● Aim of the exercise: Return the listing that follows exactly, with no pictures included.

● Data:
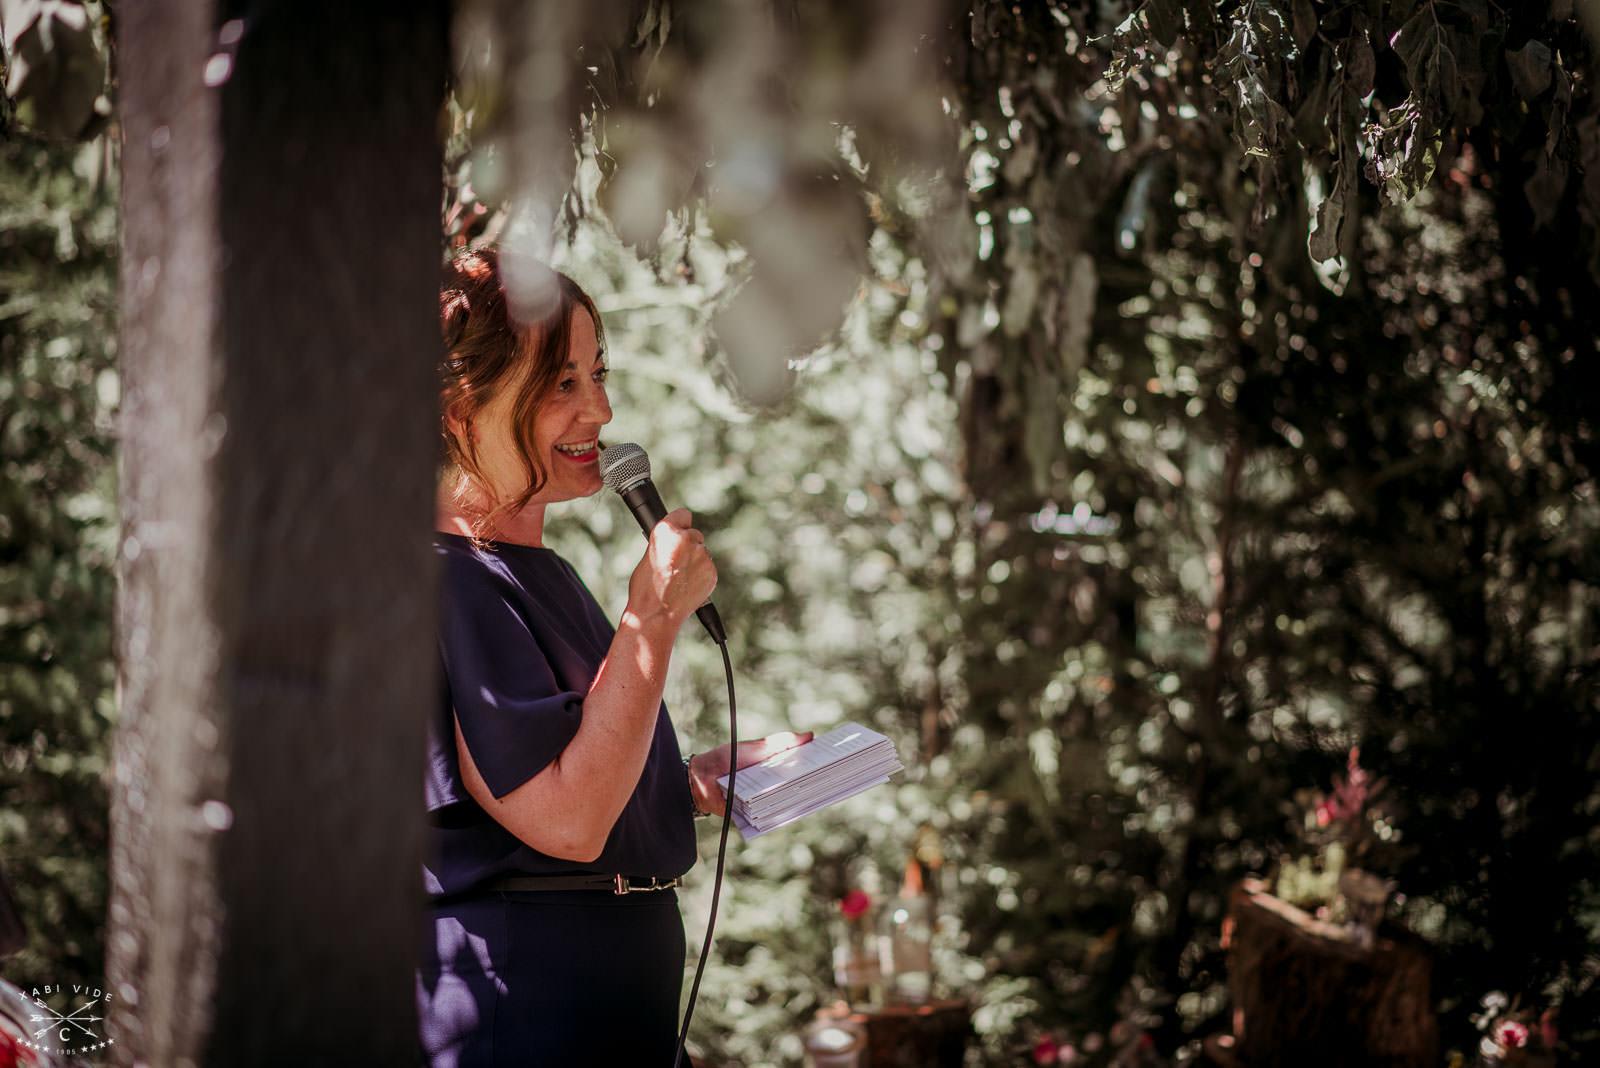 fotografo de bodas en bilbao-81
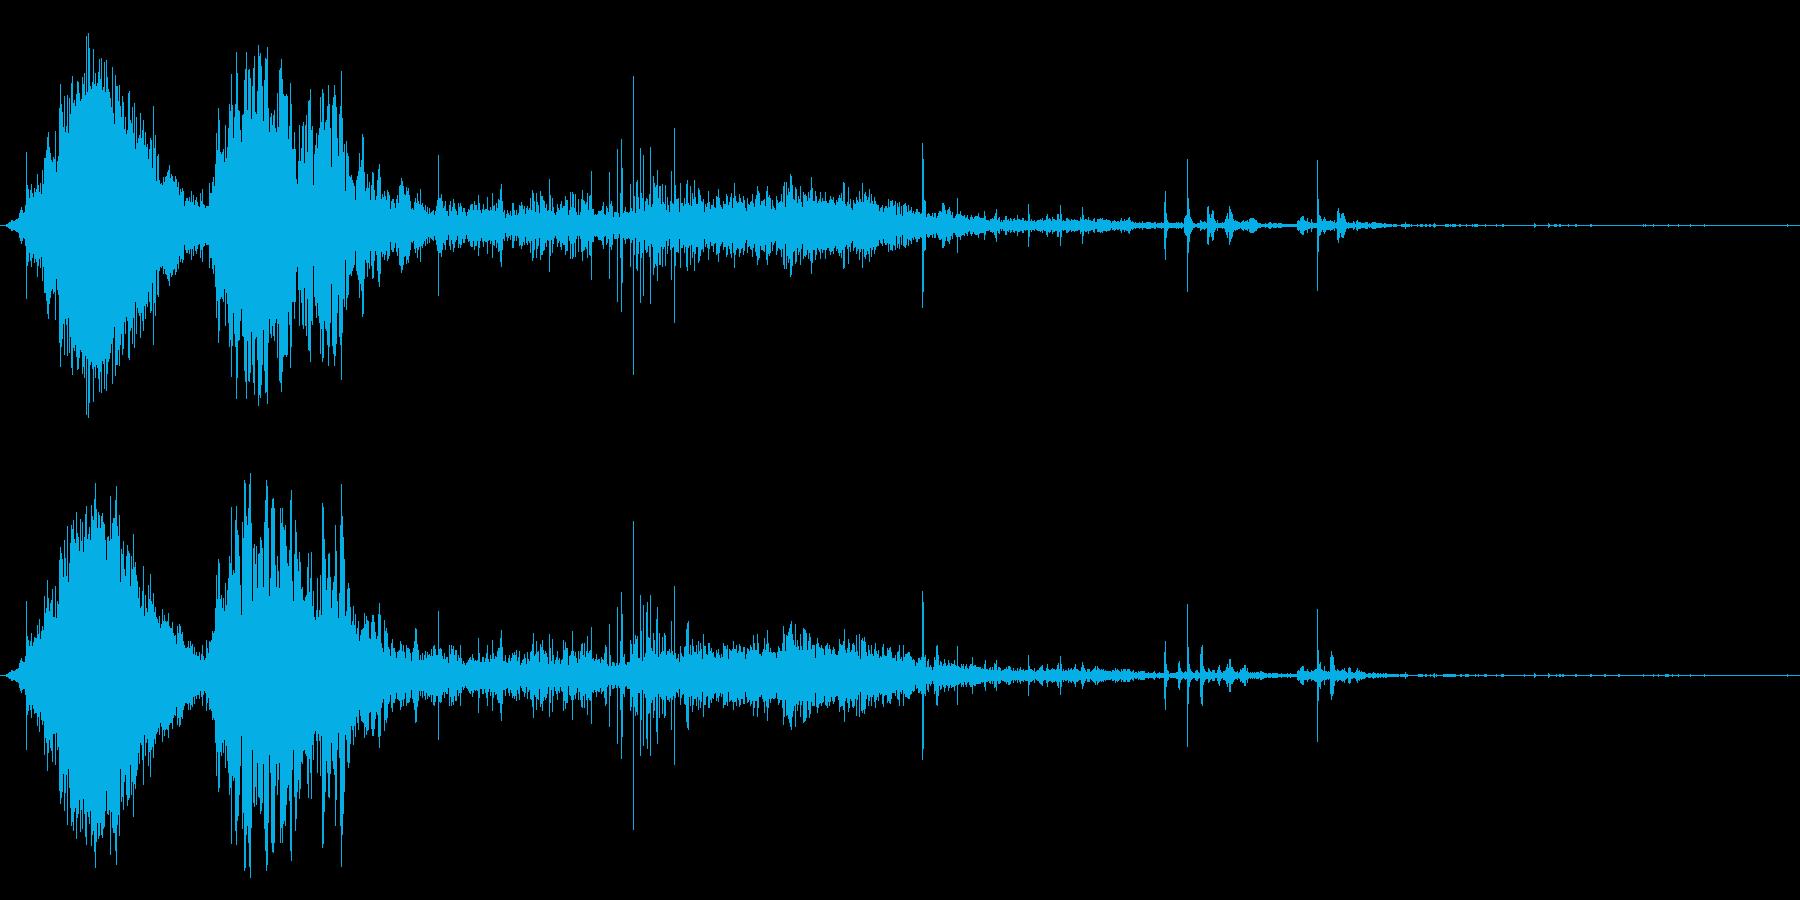 斬撃音(刀や剣で斬る/刺す効果音)12の再生済みの波形
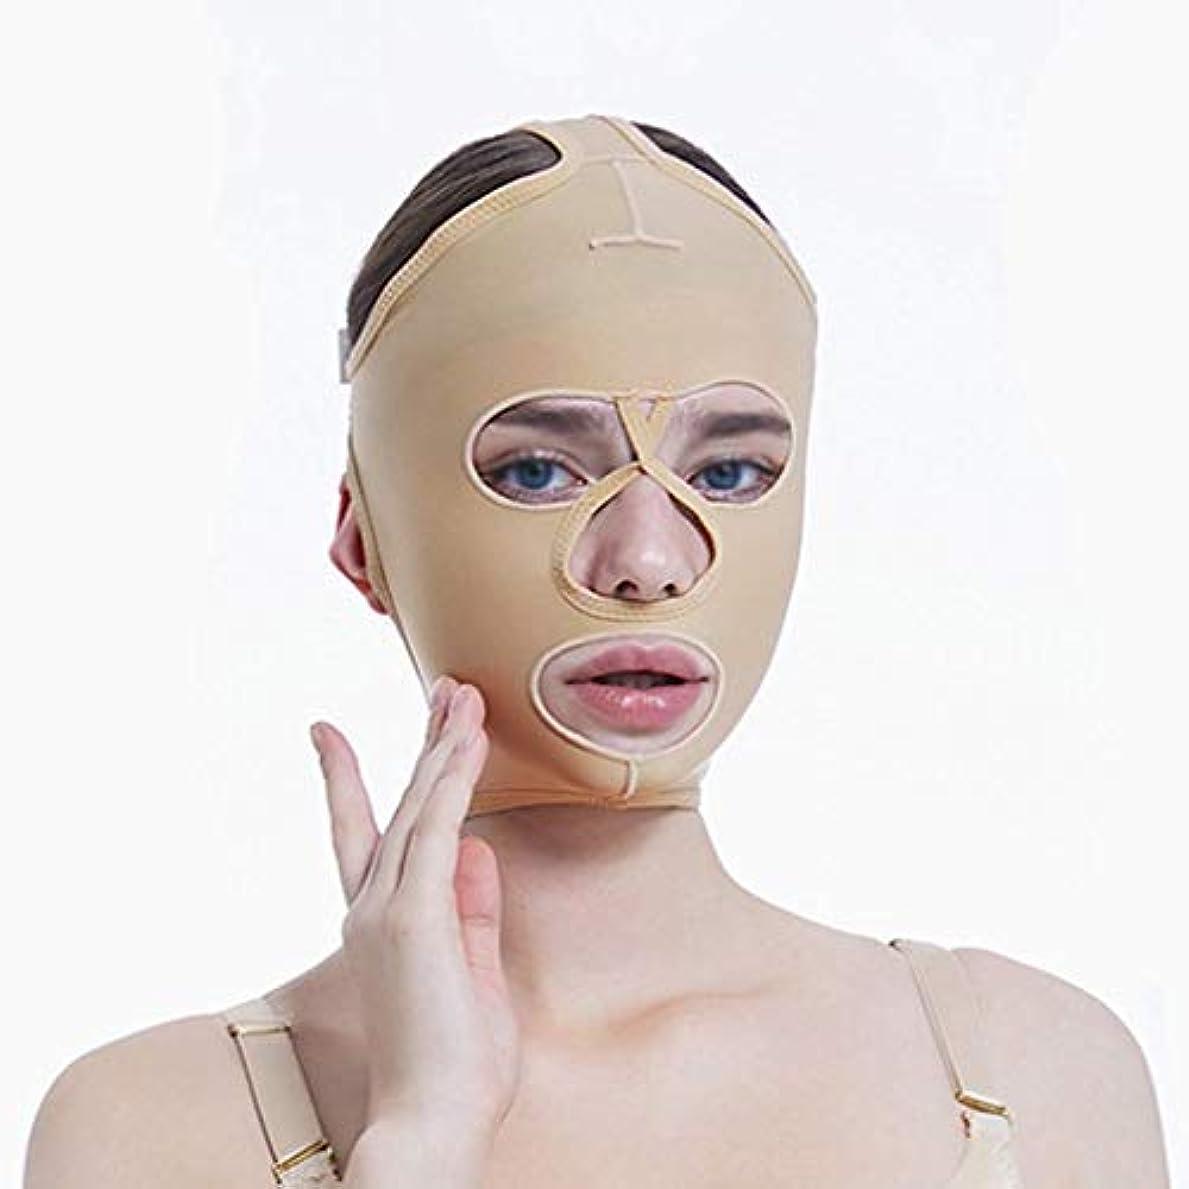 エッセンス立方体容赦ないチンリフティングベルト、超薄型ベルト、引き締めマスク、包帯吊り、フェイスリフティングマスク、超薄型ベルト、通気性(サイズ:L),M
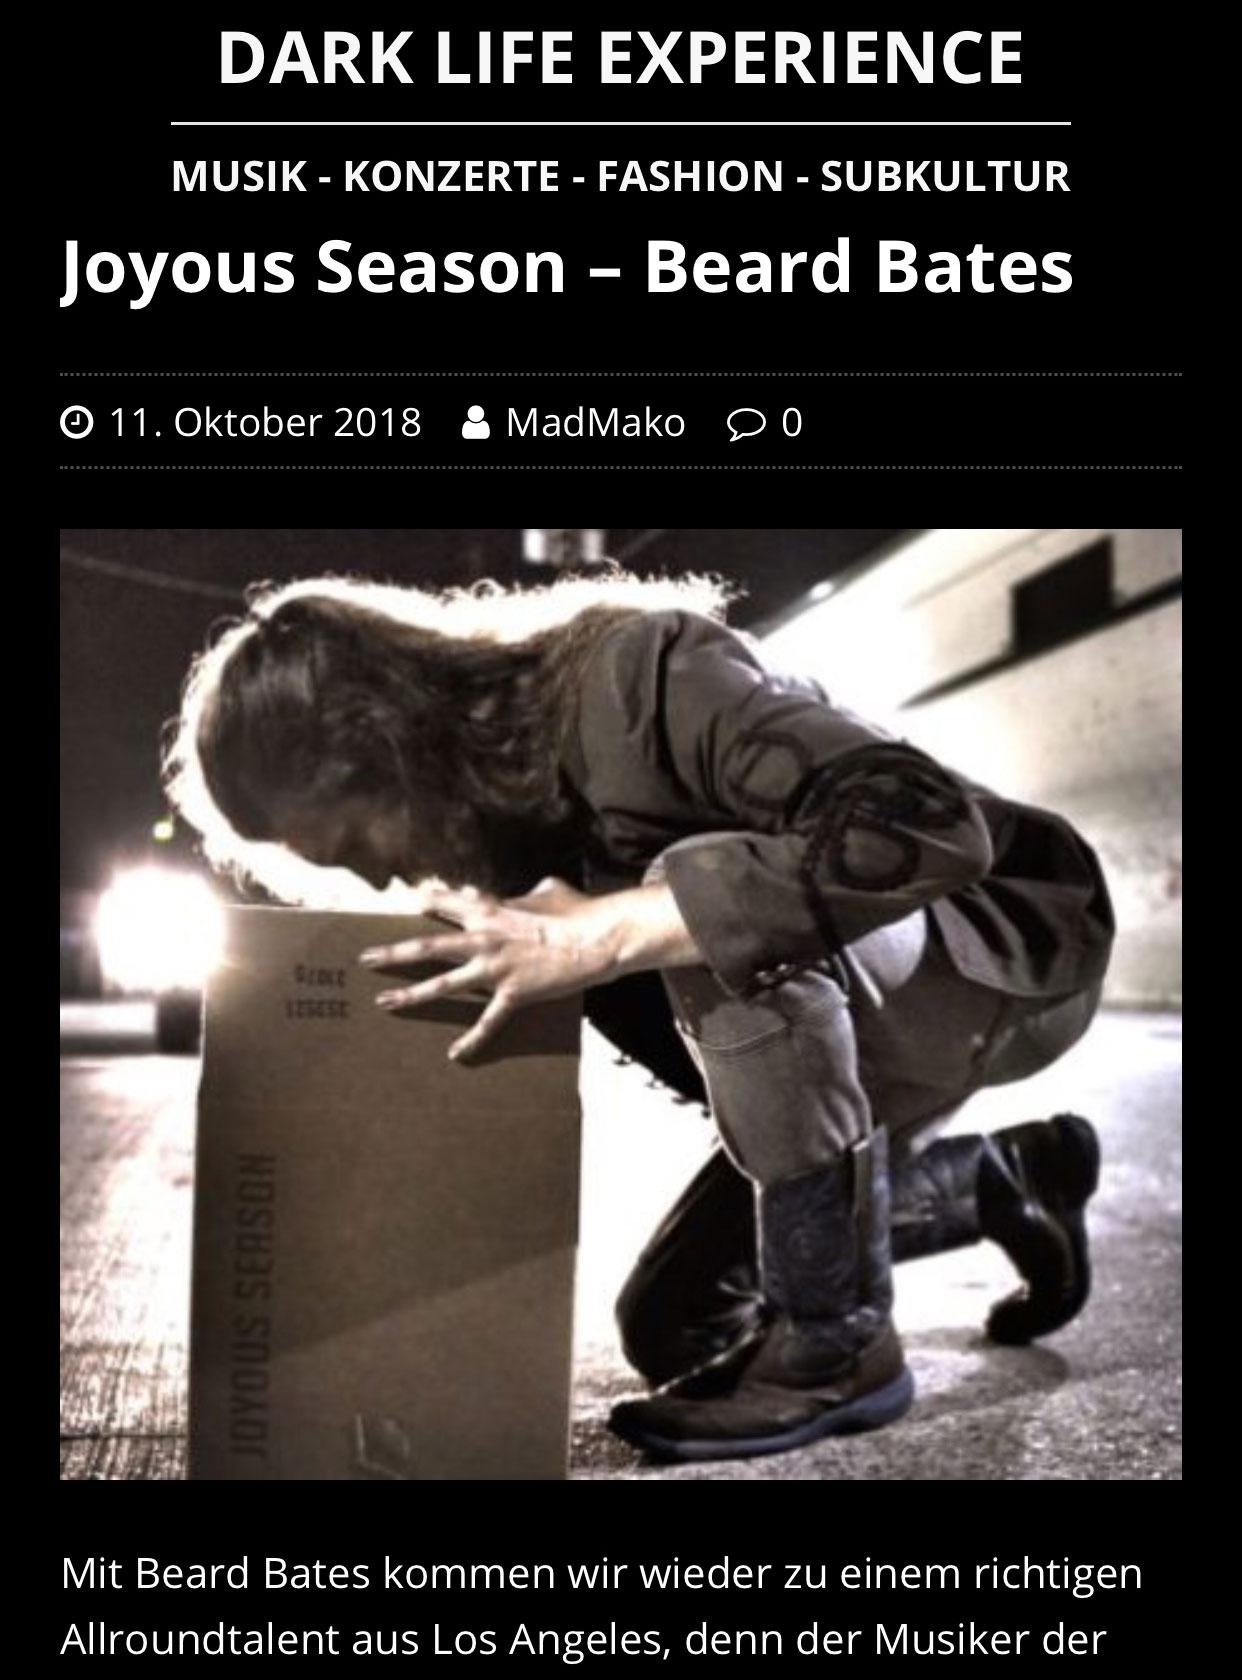 BEARD-BATES - DARK-LIFE-EXPERIENCE - Joyous Season

● Finished exercise:
 fotografo de bodas en bilbao-81
 斬撃音(刀や剣で斬る/刺す効果音)12の再生済みの波形
 エッセンス立方体容赦ないチンリフティングベルト、超薄型ベルト、引き締めマスク、包帯吊り、フェイスリフティングマスク、超薄型ベルト、通気性(サイズ:L),M
 BEARD-BATES - DARK-LIFE-EXPERIENCE - Joyous Season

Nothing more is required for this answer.